Além da logística, as barreiras financeiras foram igualmente calibradas com precisão. O Edital 001_RP exigia, no item 8.3.4.1.7, Capital Circulante Líquido mínimo de 16,66% do valor estimado, o equivalente a quase R$ 14 milhões em liquidez imediata para o lote de R$ 84 milhões. Somada à proibição de consórcios (que a Soma não precisou cumprir), essa exigência asfixiava exatamente as empresas que o item 3.12 dizia querer incluir. Havia ainda a Disponibilidade Financeira Líquida (DFL), calculada por fórmula complexa no item 8.3.4.1.10, um requisito que funciona, na prática, como uma "certidão de gigantismo": só empresas com histórico sólido de grandes contratos públicos conseguem demonstrá-la.

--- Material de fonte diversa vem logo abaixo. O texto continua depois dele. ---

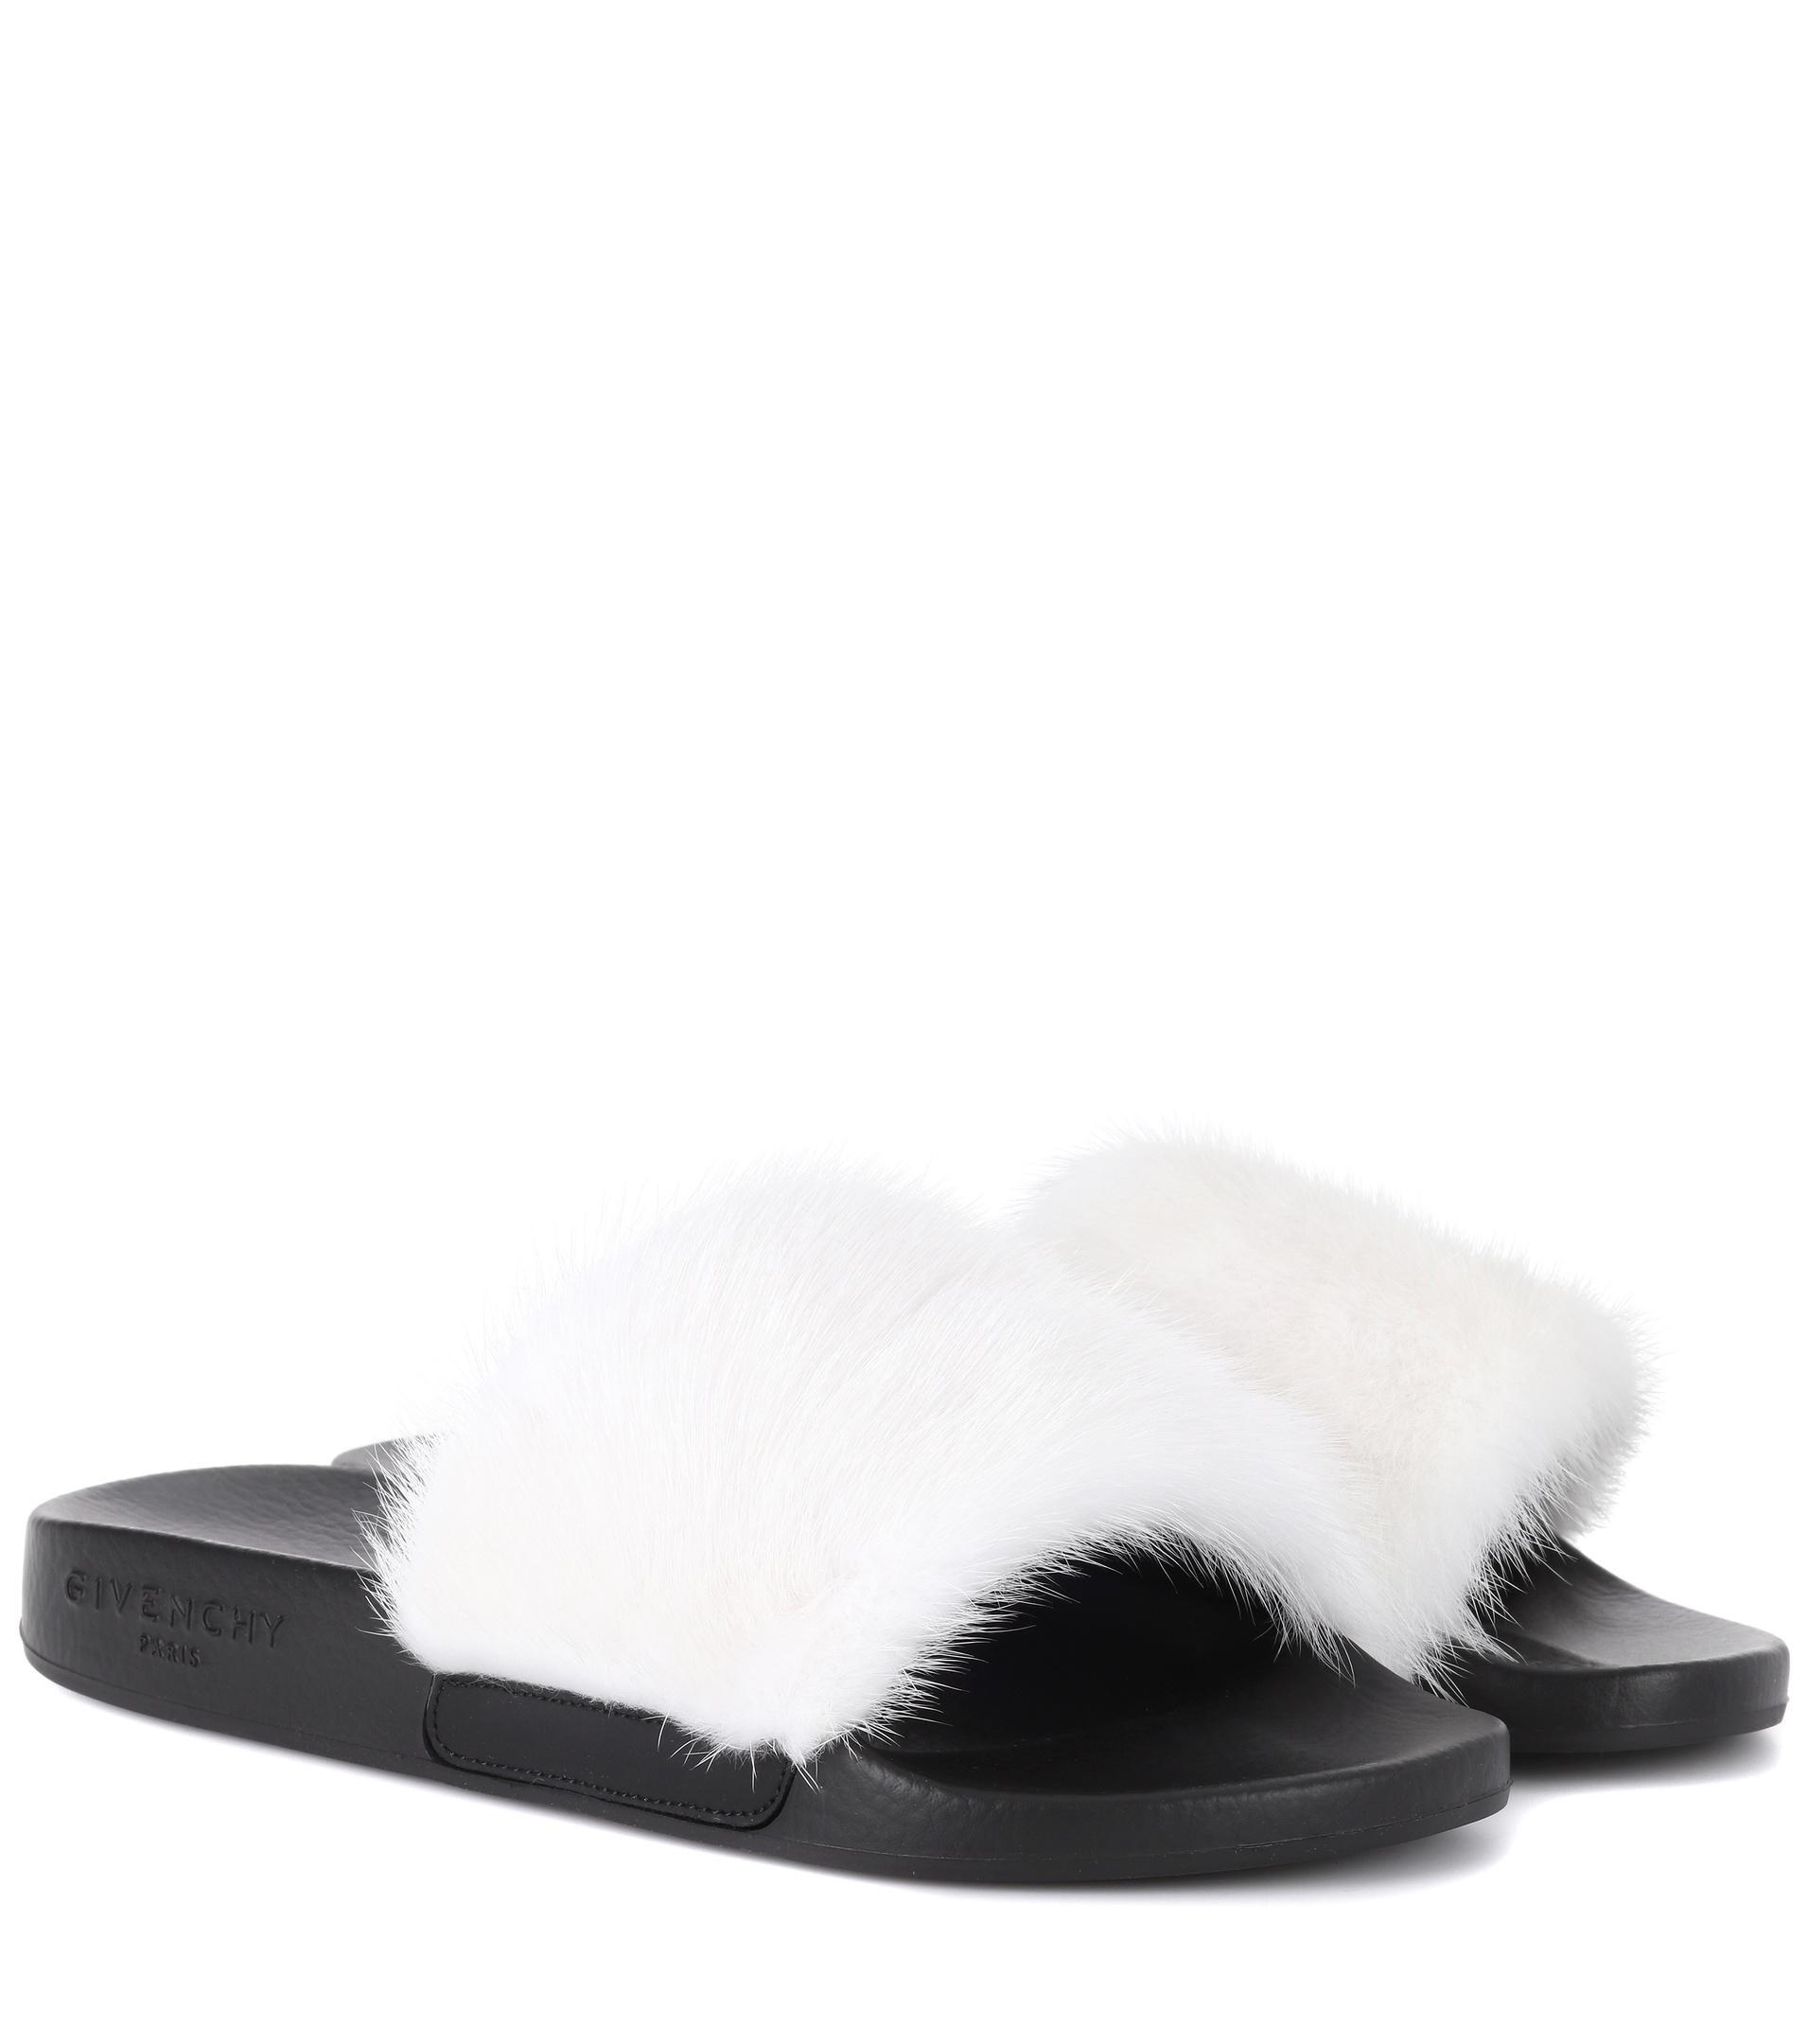 fb894ec6f45 Givenchy Mink Fur Slides in White - Save 41% - Lyst

É como organizar uma corrida de cavalos e determinar no regulamento que a largada deve ser dada de dentro do estábulo do cavalo favorito.
Empresas eliminadas por exigência que o próprio edital contradizia
Antes de chegar à fase de proposta de preços, as empresas precisavam ser habilitadas. A Ata da reunião da Comissão Permanente de Licitação para análise dos Envelopes de Habilitação, realizada em 23 de agosto de 2023, registra uma contradição que, nos autos, parece não ter incomodado ninguém.
O Edital 001_RP, no item 16.1, é direto: "Não será admitida a subcontratação do objeto licitatório." A Cláusula Vigésima Terceira do Contrato nº 086/2023 replica a proibição palavra por palavra. Não há exceções. Subcontratação é vedada. Ponto.
Sendo inabilitadas o CONSÓRCIO CASTILHO/FP por conta do item 8.3.5.6 do Edital, por não apresentar o compromisso de subcontratação com empresa de pequeno porte. E NOVATEC CONSTRUÇÕES E EMPREENDIMENTOS LTDA devido item 8.3.5.6 do edital, por não apresentar o termo de compromisso de subcontratação celebrado com uma Microempresa - ME, Empresa de Pequeno Porte - EPP ou MEI.
Restando habilitadas os Consórcio SS (Soma/Solução), Construtora Ótima, Cerrado Engenharia, Sultepa Construções.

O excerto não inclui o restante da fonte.